Task prompt:
For the entries below, copy exactly the line that contains "Wallpaper World Of" through the line that contains "FIX.it, Mortero", both ends included, and exclude all pictures.
Start of Data
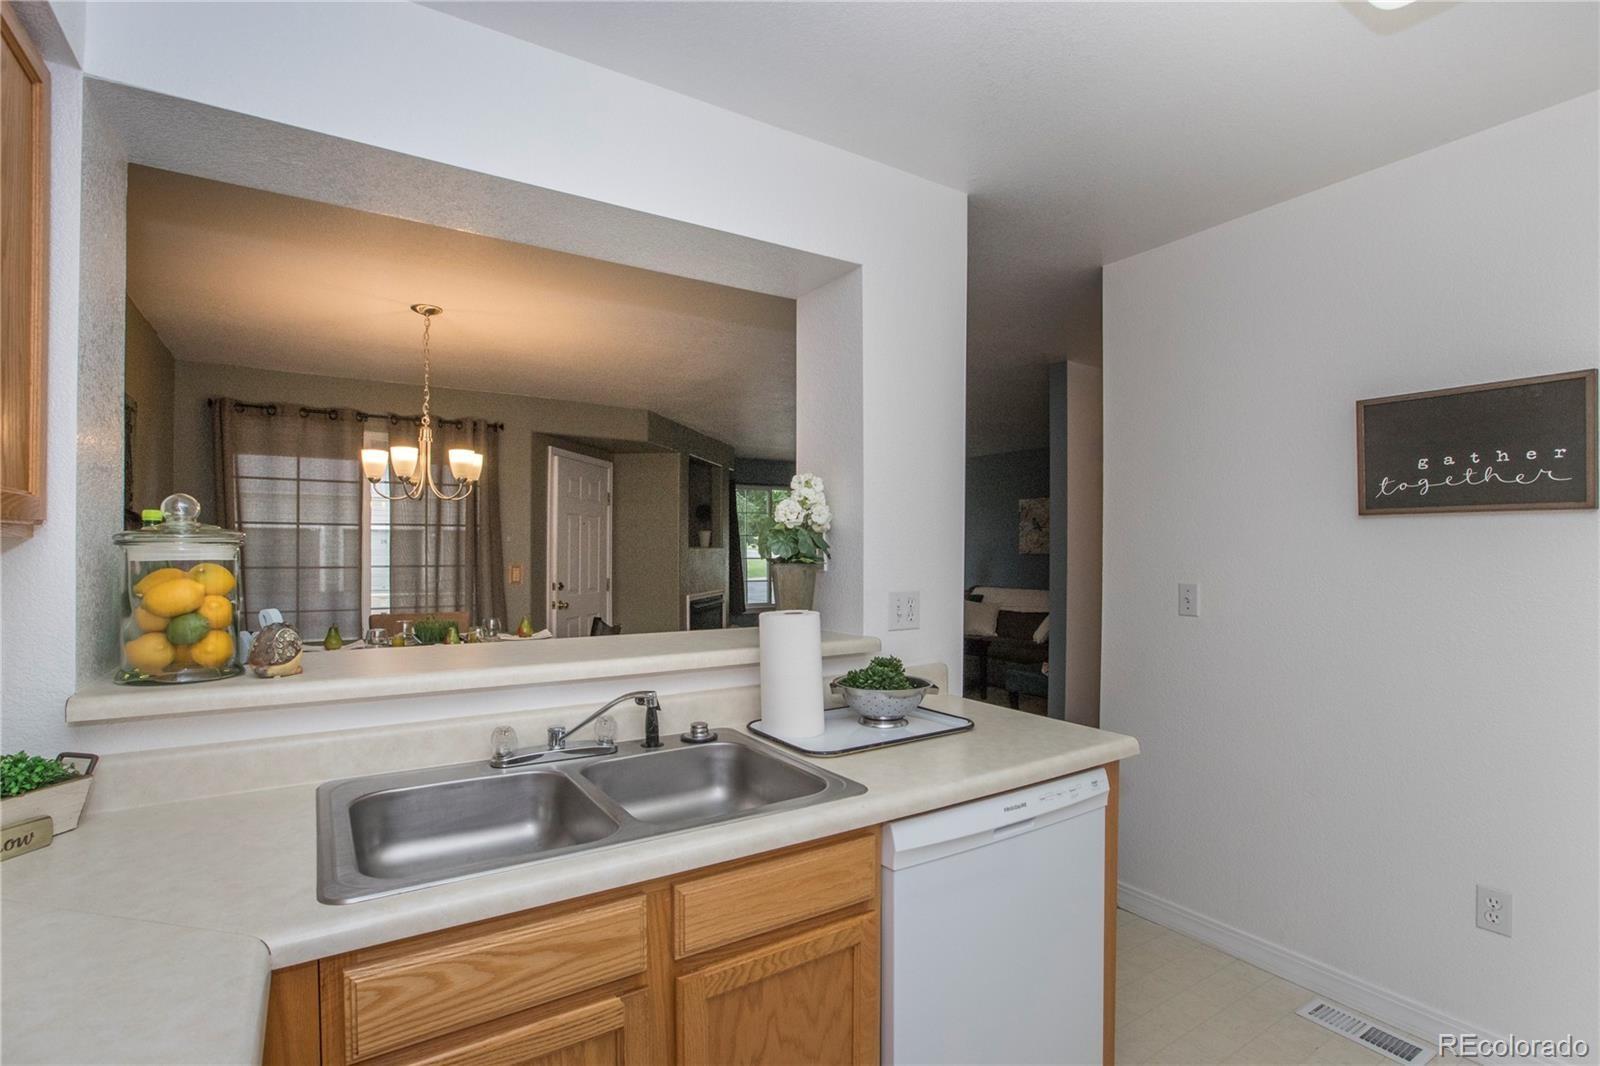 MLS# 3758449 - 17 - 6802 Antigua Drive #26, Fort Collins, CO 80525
End of Data
Start of Data
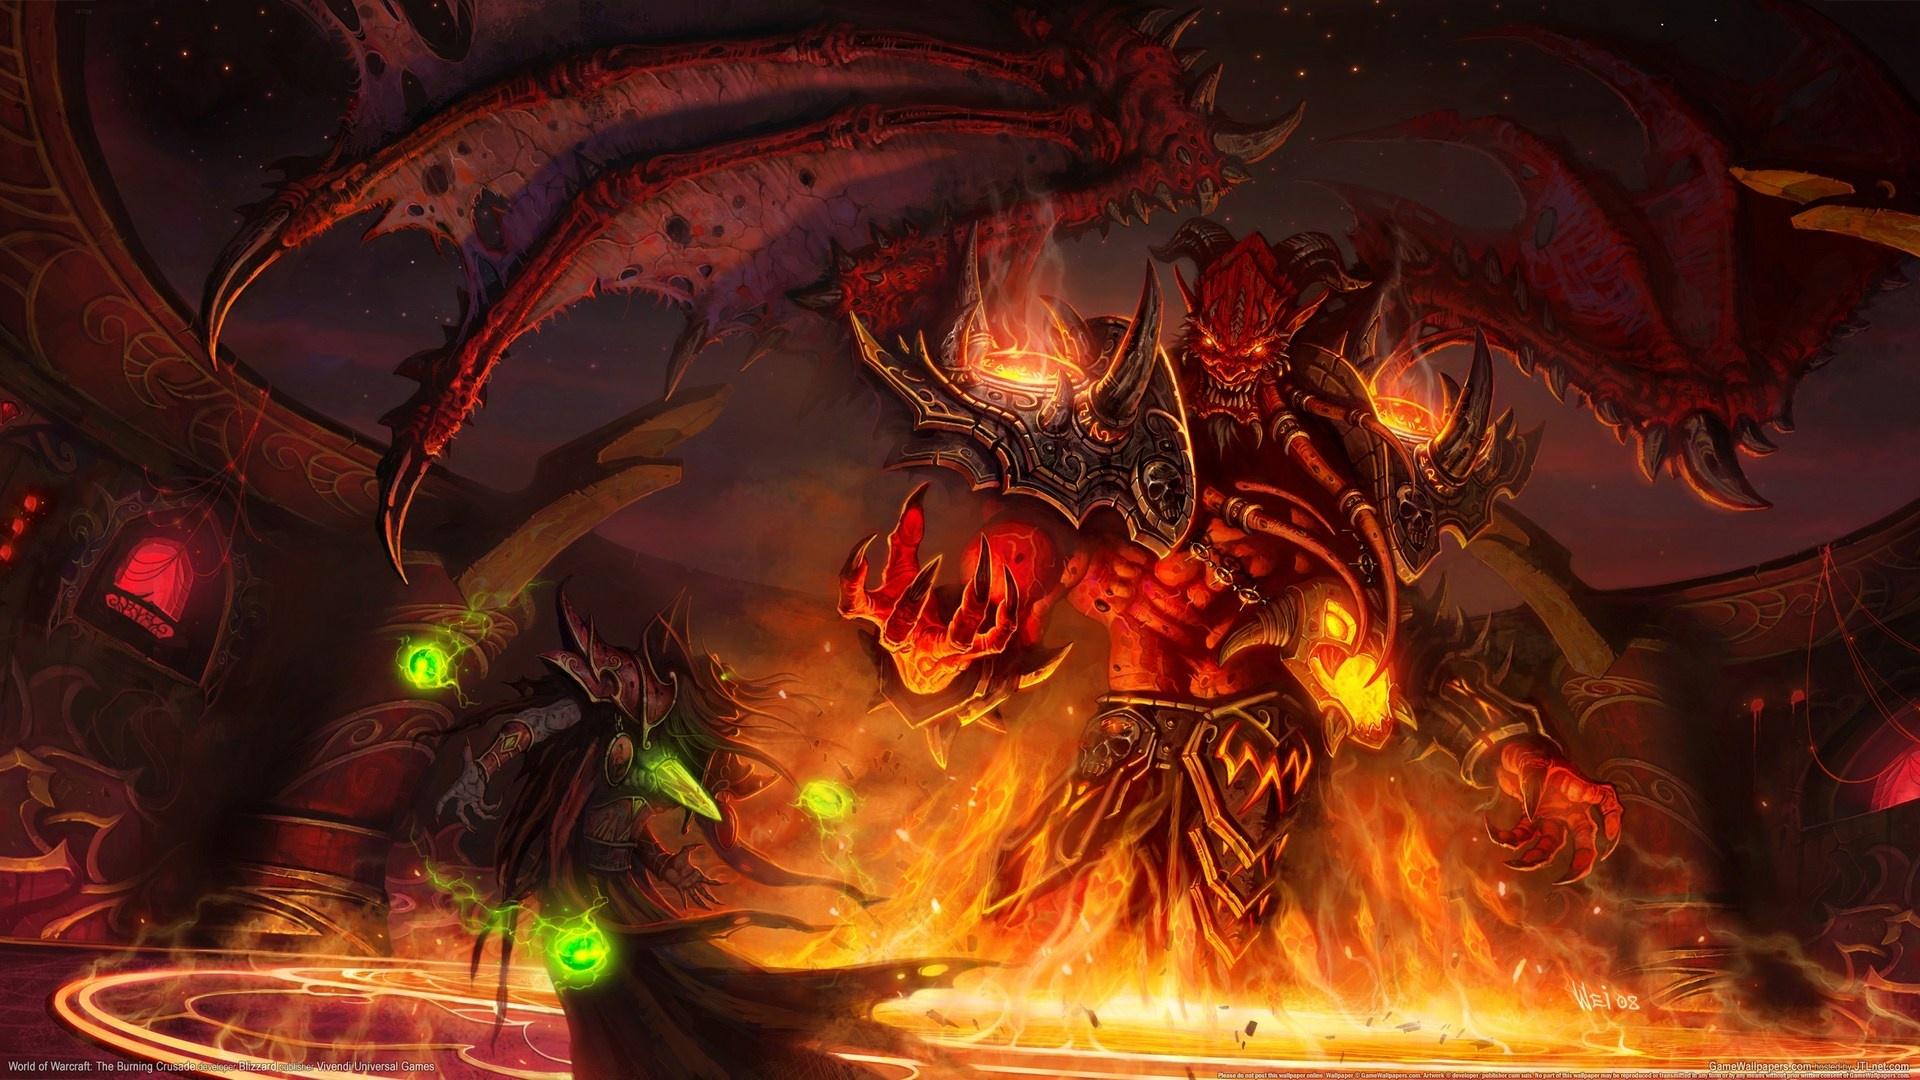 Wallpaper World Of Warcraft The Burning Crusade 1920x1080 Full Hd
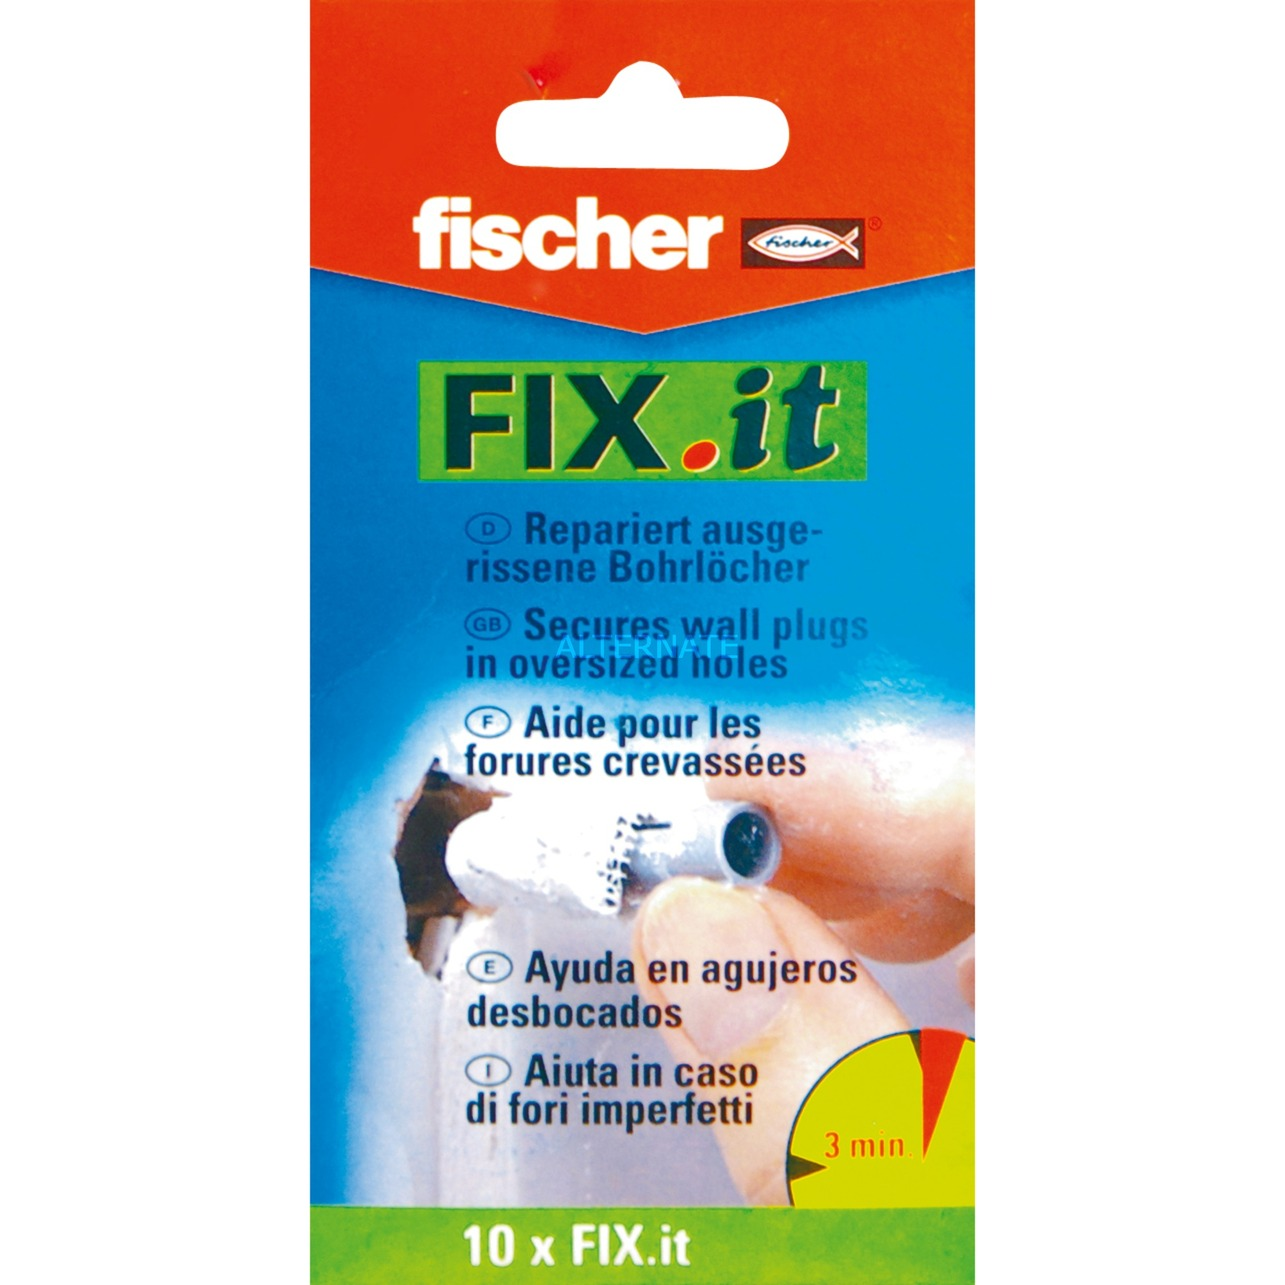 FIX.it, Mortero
End of Data
Start of Data
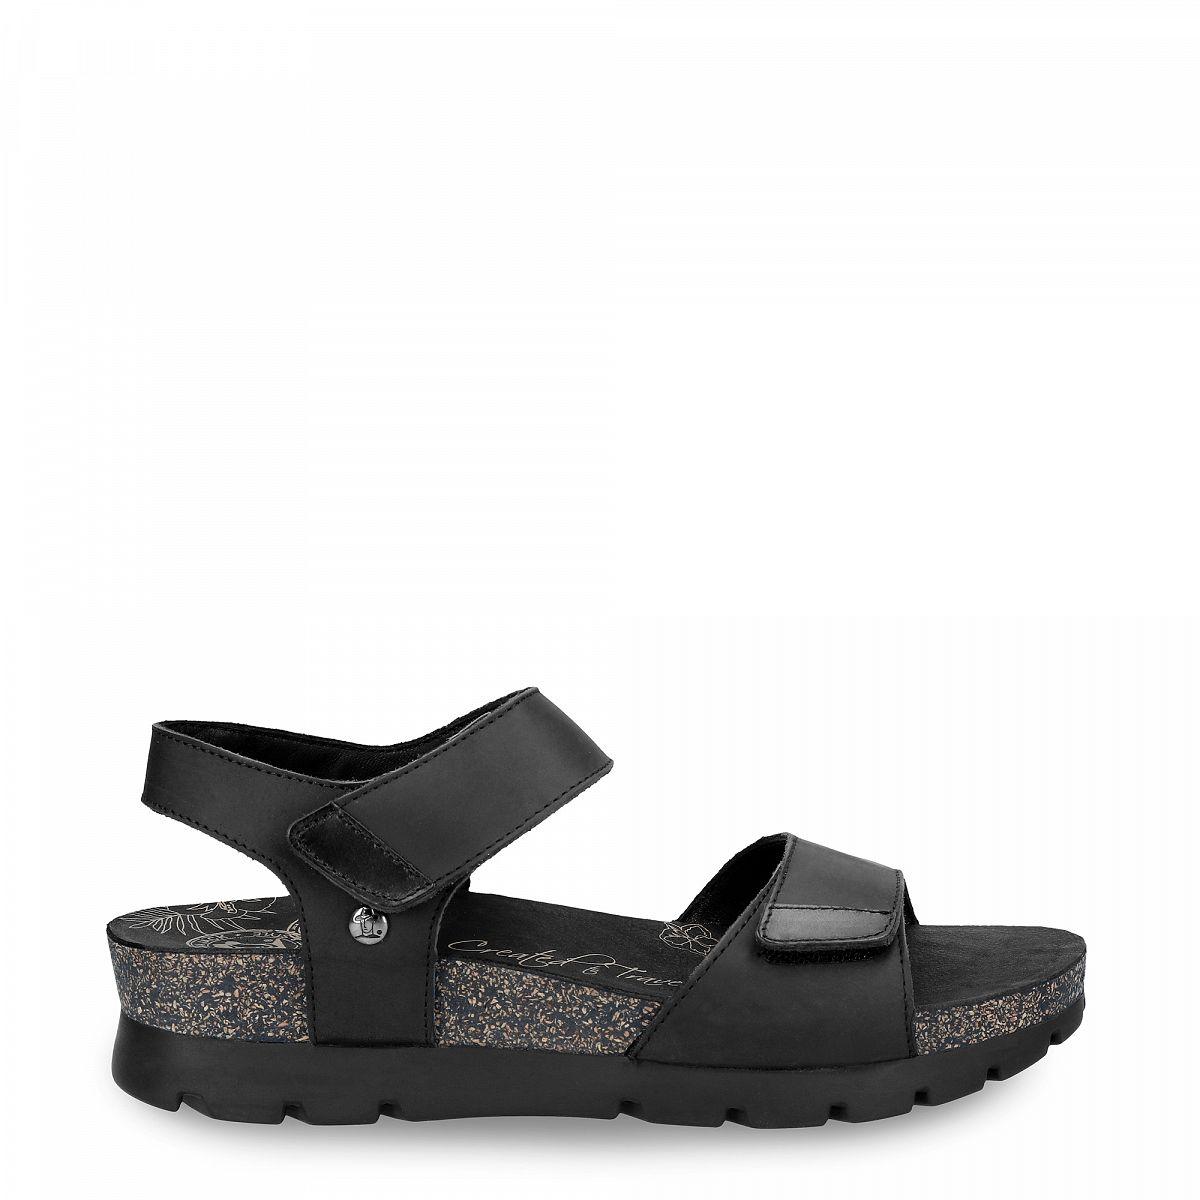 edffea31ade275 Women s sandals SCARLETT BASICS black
End of Data
Response area:
 Wallpaper World Of Warcraft The Burning Crusade 1920x1080 Full Hd
 FIX.it, Mortero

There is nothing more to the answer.